In another sentence, however, such as “She amuses him,” the female has high agency, but the male has high power, Ms.Tsvetkov said. “It is subtle and intuitive. So it’s very hard to rationalize it computationally.”
Developing an algorithm for the analysis required asking human “annotators” not involved in the automated scoring method to see if they agreed with the decisions on power, etc., when looking at the sentences in a narrative setting.
“We ask them if the subject has higher power over the object,” she said, and if agreements are high, the method works.
“This is a statistical method; it’s not always 100 percent correct,” she said, adding that analyzing a large volume of texts gives better results, in contrast to individual sentences.
#MeToo goes viral
It happened that Ms.
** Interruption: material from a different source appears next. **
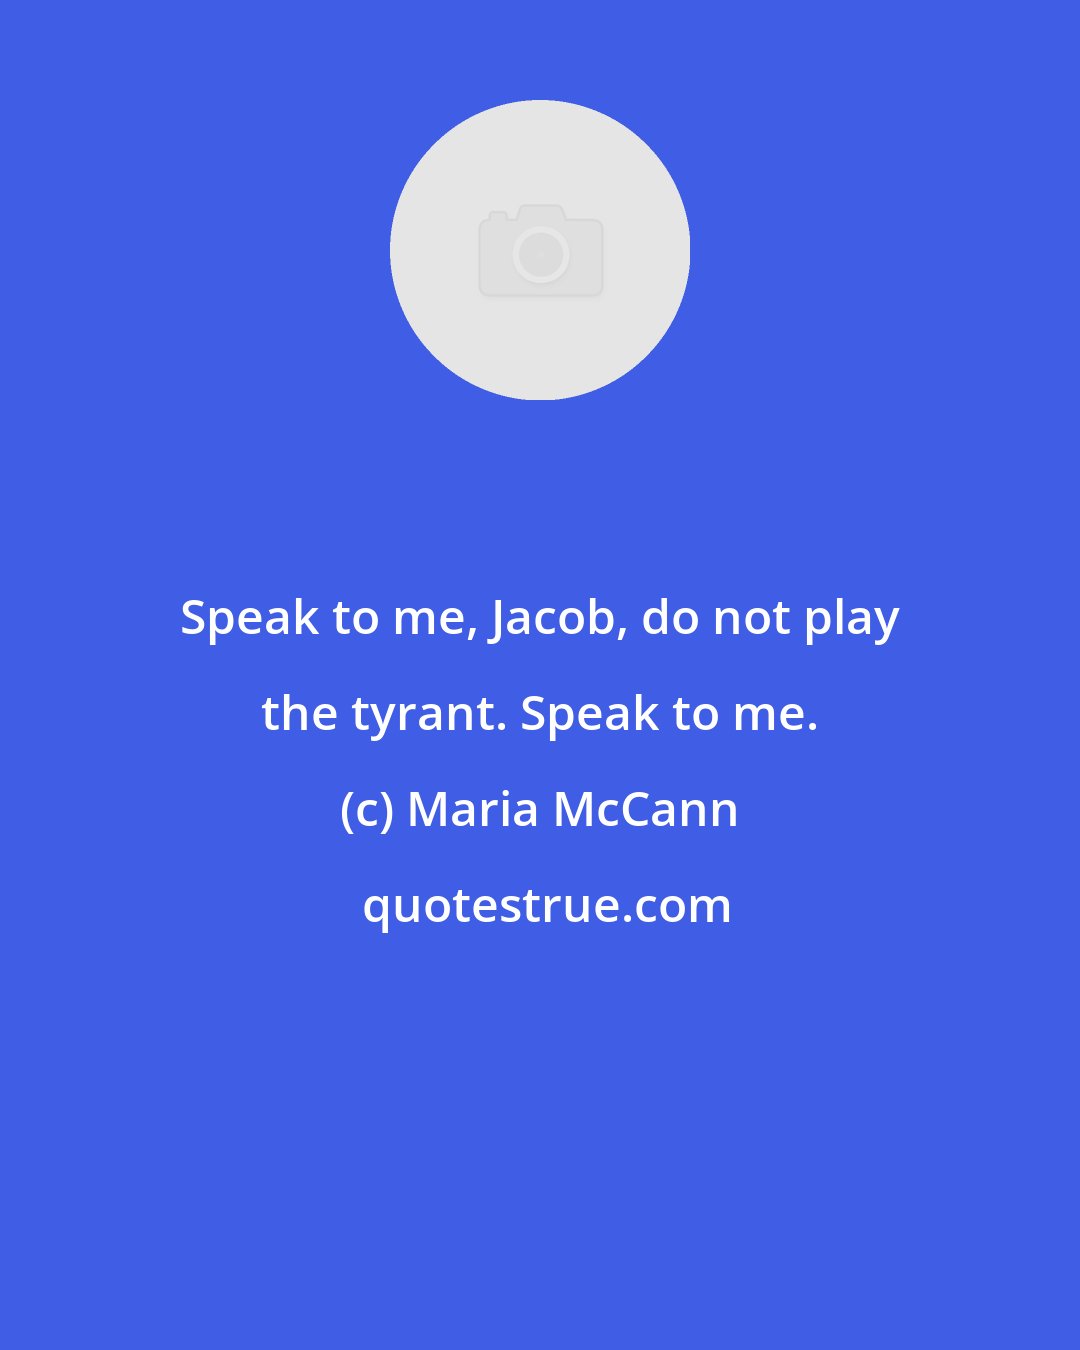 Maria McCann: Speak to me, Jacob, do not play the tyrant. Speak to me.

Tsvetkov was teaching an ethics class when the #MeToo articles started to appear.
“We discuss a lot about bias, specifically gender bias in language,” she said, adding that the work started as a course project led by doctoral student Anjalie Field, focusing on how to detect and develop intervention techniques in gender bias.
At the same time, #MeToo went viral. Women were telling stories and supporting each other online.
Then a new story bubbled up, with a different arc: In an interview published in January 2018 on Babe.net, a woman given the name Grace for the story, related an encounter with Mr. Ansari, describing his repeated sexual advances toward her during an evening in his apartment, where she said she repeatedly moved away from him, eventually leaving and in tears over her treatment. In texts to Grace and in a public statement, he apologized for his behavior, saying he thought the sexual activity was consensual. Public discussions of her allegations placed his behavior in a range from sexual misconduct to a date gone bad.
“The story was controversial,” Ms. Tsvetkov said, “before that, the #MeToo movement was clearly allegations against powerful persons that supported women. Ansari evoked a mixed reaction.”
The Carnegie Mellon group worked with 476 articles that mentioned Aziz Ansari and were published after the Babe.net story.
Ms. Tsvetkov said the first article evoked support for Grace, but then there was a backlash, criticizing her for her lack of agency. This was reflected in articles this year, in which Mr. Ansari was portrayed with language that gave him more power and agency. He was leading the discussion in interviews and his own comedy tour, with no mention of Grace.
The research using news articles continues, Ms. Tsvetkov said: “The goal of the research projects — machine learning to identify gender bias — would promote a more equitable society.”
For now, she said, the tools aren’t ready for release. There’s more work to be done, she said, including narratives of social groups, such as LGBTQ communities, and in different languages and cultures.
A followup study has used a similar method to raise an awareness of gender bias in stories about other people who were not survivors of sexual assault, It involved powerful men and women, in business and sports articles.
“Both men and women were described in positive sentiment, but women are given less power in how they are described in language,” she said. “When a woman is powerful and has high agency, she’s usually described as less sympathetic. People like her less. This is the very core of gender bias.”